Under Objective 2, research continued to determine how meristem maintenance pathways integrate with environmental signaling pathways to regulate plant architecture. The timing of the transition from vegetative to reproductive development under long day environmental conditions was analyzed in wild-type and clv3 meristem mutant plants using confocal laser scanning microscopy. Genetic crosses were performed to introduce a florescent marker line that is specifically expressed in initiating flower meristems into the clv1, clv2, clv3 and wus meristem mutant backgrounds in order to accurately measure the transition to flowering in these lines. Homozygous mutant lines with insertion mutations in the HAIRY MERISTEM (HAM) transcription factor genes that promote meristem activity in combination with WUS were obtained from the Arabidopsis Biological Resource Center (ABRC) and crossed into wild-type plants in order to generate clean backcrossed lines for phenotypic analysis.

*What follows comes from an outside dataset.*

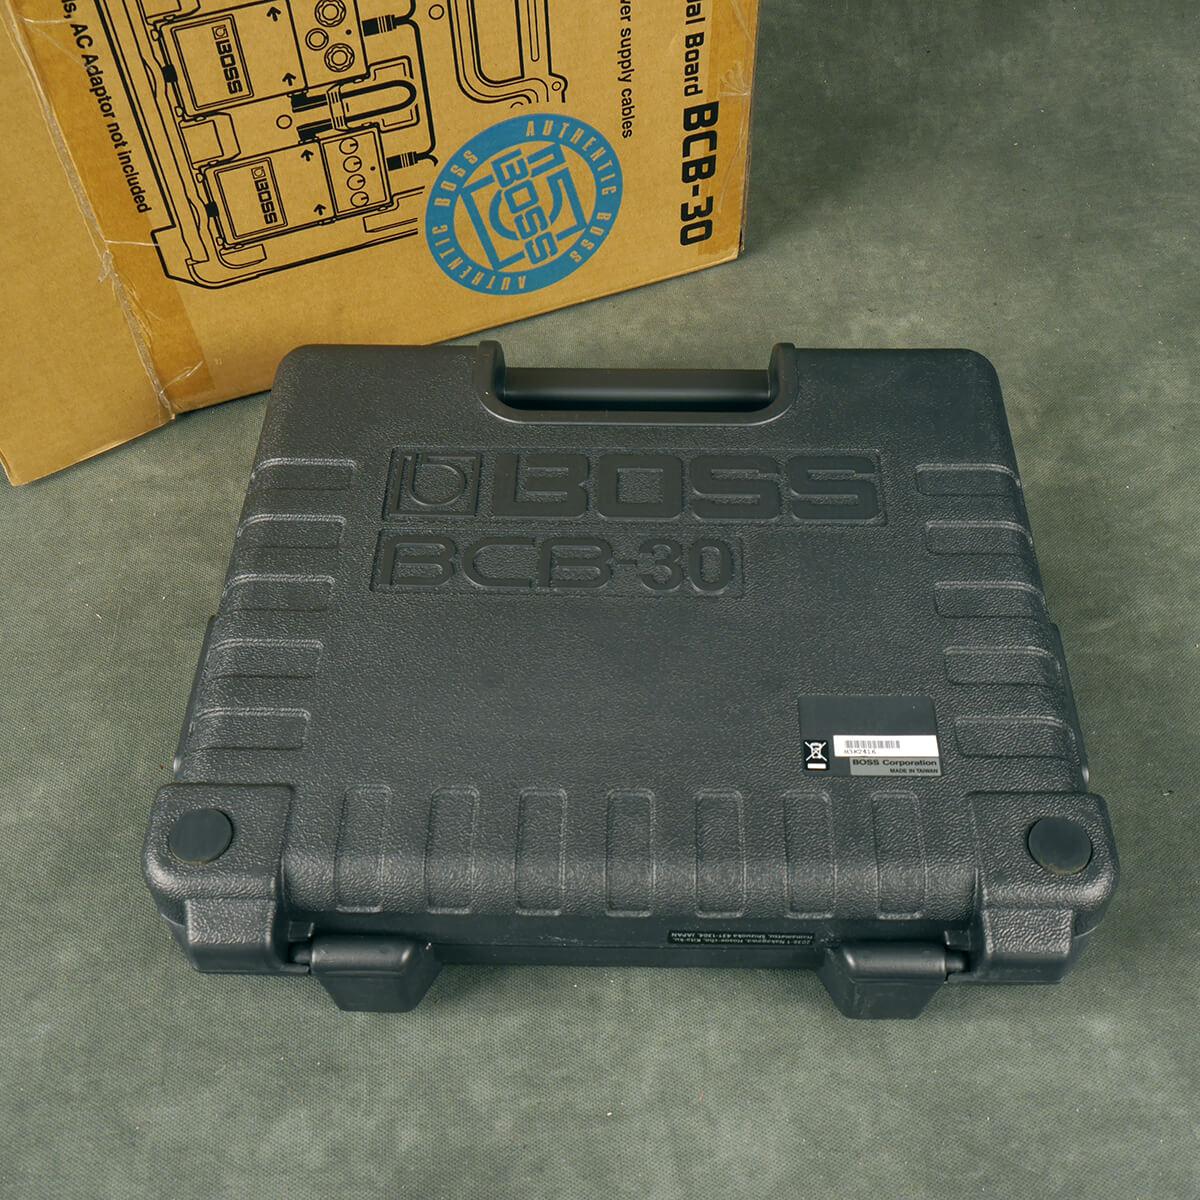 Boss BCB-30 Pedalboard w/Box - 2nd Hand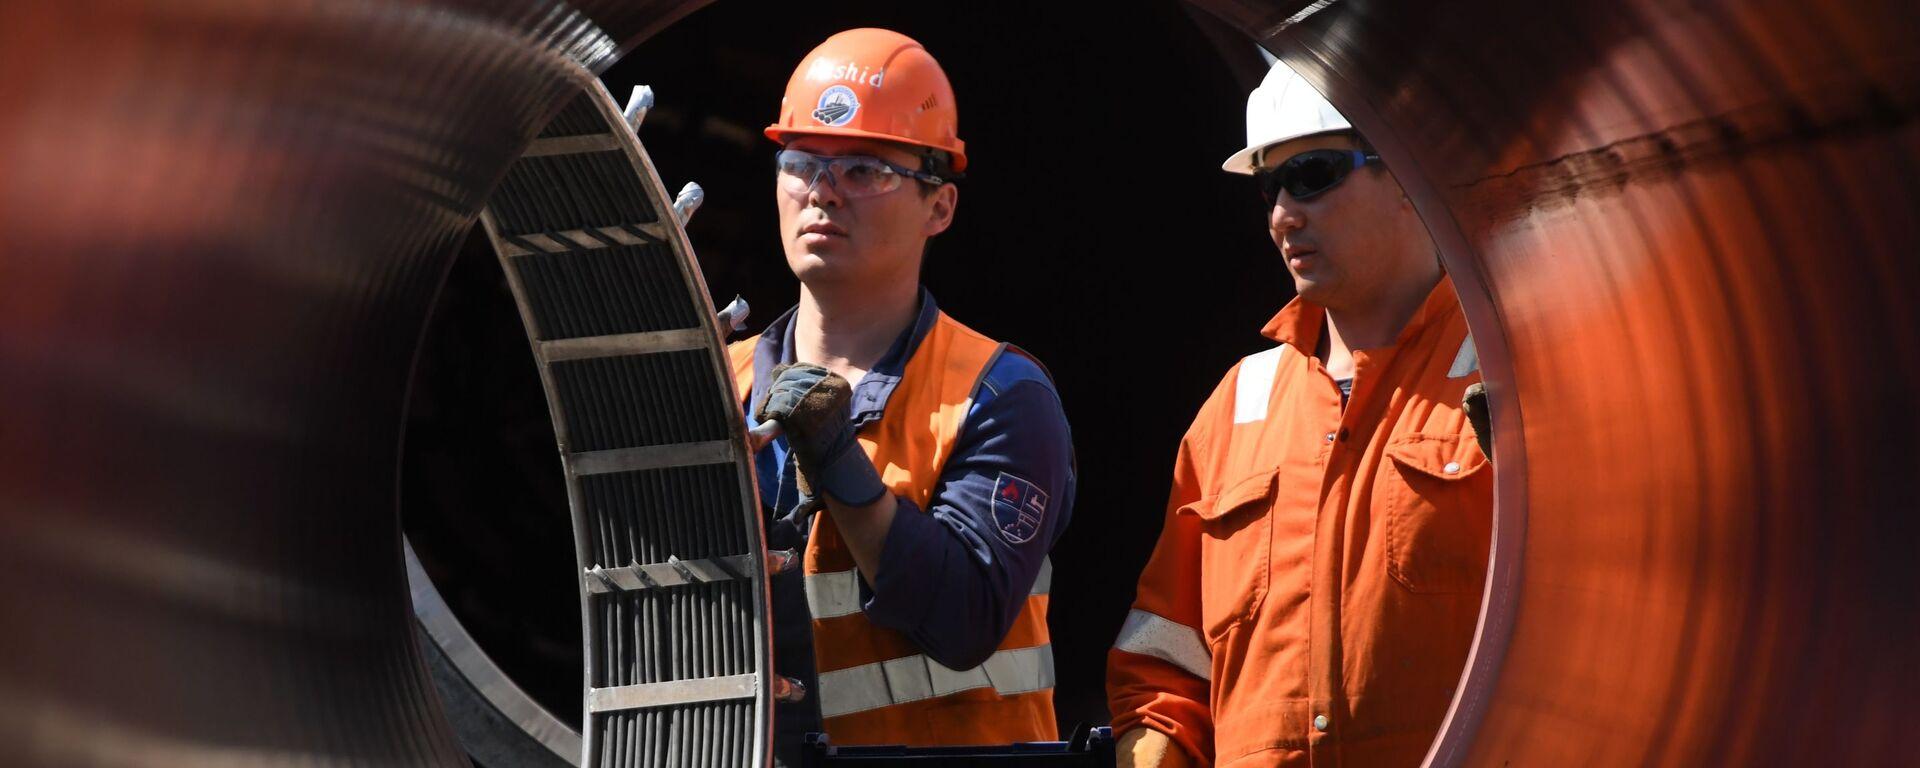 Рабочие на участке строительства газопровода Северный поток-2 в Ленинградской област - Sputnik Тоҷикистон, 1920, 13.05.2021

Under Objective 3, research continued to translate knowledge of signaling gene functions in floral induction and flower development to specifically enhance yield traits in crop plants. Phenotypic analysis of developmental traits such as total leaf number, plant diameter, floral induction date, and fruit chamber number was performed in wild-type and three clv mutant pennycress backgrounds. Mature embryos, seedlings, reproductive meristems and young flowers were visualized using confocal laser scanning microscopy and meristem size was quantified as a measure of stem cell activity. In addition, two sets of double mutants between the various clv mutant lines were generated and a third was initiated. Finally, genomic DNA was extracted from two of the clv mutant lines and sent for whole-genome sequencing to identify the causative gene(s).
Accomplishments
1. Small signaling peptides govern shoot and floral stem cell maintenance in plants. The ability of plants to produce leaves, stems, flowers and fruits during their lifetime is dependent upon their sustained stem cell activity, which is maintained by intricate networks of cell-to-cell signaling pathways. In Arabidopsis, the small signaling peptide CLV3 regulates shoot and flower stem cell maintenance by modulating the expression of the transcription factor WUSCHEL. However, prior research has shown that additional unknown signaling molecules also contribute to stem cell maintenance and therefore influence yield traits. ARS scientists in Albany, California, characterized two CLV3-related genes, CLE16 and CLE17, that restrict stem cell accumulation in the absence of CLV3 by signaling upstream of WUSCHEL. Both CLE16 and CLE17 contribute independently to stem cell maintenance in clv3 mutants at all stages of development by signaling through a subset of CLV3 receptors. This study reveals a complex functional relationship among related peptide genes and their cognate receptors that buffers stem cell activity at the shoot apex and identifies new target genes for manipulation to enhance yield in agricultural crop species.